The user began the purchase process for the product with the ID 123. The app incremented the session's request ID counter, and gave him the request ID 8. It's an incoming request, for the product_purchase operation, which we've tagged in our app as PP1. The tag BEGIN_END_B marks this line as the beginning of the operation. We've cached the product's internal ID (PIID1) and version (PV1) so we don't have to retrieve it again from the DB.

2013-08-11 12:35:04.796 [21EC2020-3AEA-1069-A2DD-08002B30309D] [8] [product_purchase] [INFO] BGN_SYS_ { "i_o": "OUTGOING_GPA1", "tag": "GPA1_BEG_END_B", "endpoint": "http://remotehost.my.domain/remote_system/remote_interface", "method": "get_product_availability" } BGN_DATA_ { "PIID1": 7718876, "PV1": 201308123 }

The app invoked a remote service, via http, to determine product availability. It's an outgoing request, and we've tagged this service as GPA1. The tag GPA1_BEG_END_B marks this line as the beginning of the request.
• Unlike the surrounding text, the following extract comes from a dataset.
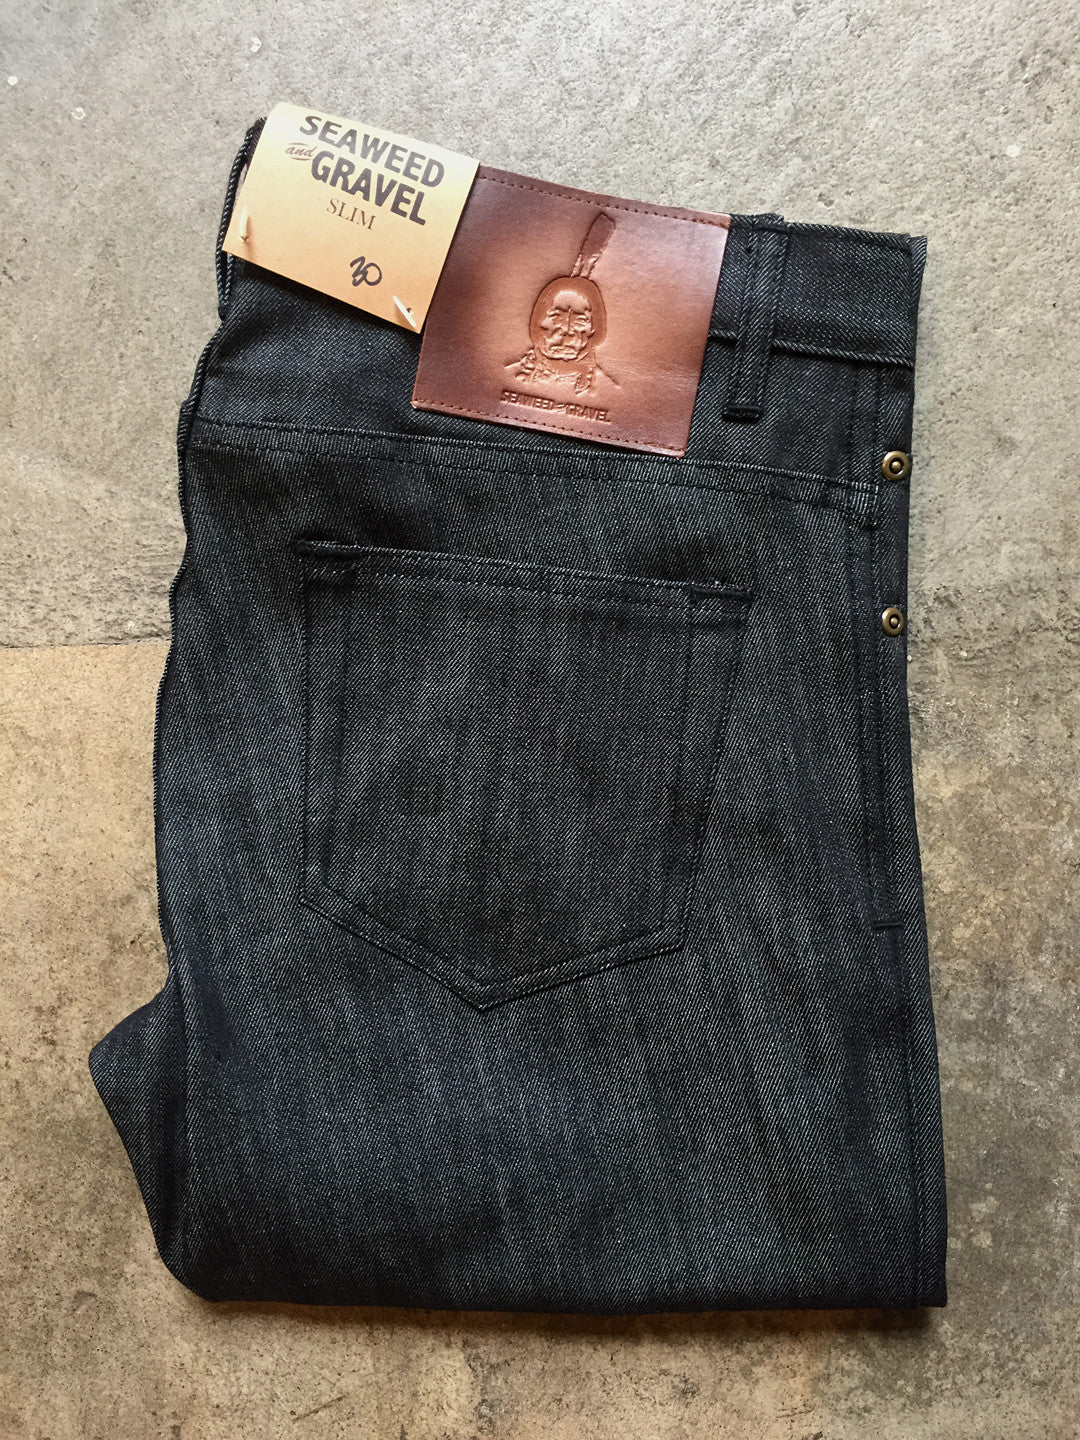 Denim S&G Mens Slim Jeans Black take 50% Off List Price

2013-08-11 12:35:05.904 [21EC2020-3AEA-1069-A2DD-08002B30309D] [8] [product_purchase] [NOTICE] BGN_SYS_ { "i_o": "OUTGOING_GPA1", "tag": "GPA1_BEG_END_E", "endpoint": "http://remotehost.my.domain/remote_system/remote_interface", "method": "get_product_availability", "result": "ERR_BIZRULE_GPA1", "code": 8, "message": "Out of stock" } BGN_DATA_ { "return": "<SOAP RESPONSE WITH A TRAIN OF RESULT CODES AND OTHER RESPONSE DATA>" }

The remote service replied with a business rule failure, as shown by the tag ERR_BIZRULE_GPA1 (and logged it at NOTICE level). Our product is out of stock. The tag GPA1_BEG_END_E marks this line as the end of the request.

2013-08-11 12:35:06.342 [21EC2020-3AEA-1069-A2DD-08002B30309D] [8] [product_purchase] [NOTICE] BEGIN_END_E [SUCCESS_PP1, ERR_BIZRULE_PP1] [0] [This product is unavailable. Would you like to be alerted when it becomes available?] BEGIN_SYS_ { "i_o": "INCOMING_PP1" }

The app finished its response to the operation (the tag BEGIN_END_E marks this line as the end of the operation), i.e., the incoming request to show the details of a product. No technical errors occurred, hence the tag SUCCESS_PP1. However, we had a business error, due to the "out of stock" situation, so we signal it with the tag ERR_BIZRULE_PP1 (once again at NOTICE level, although here I admit I'm not quite so sure about it). We're not returning an error code, so we log 0, but we're presenting a message to the user, so we log this message (within practical limits).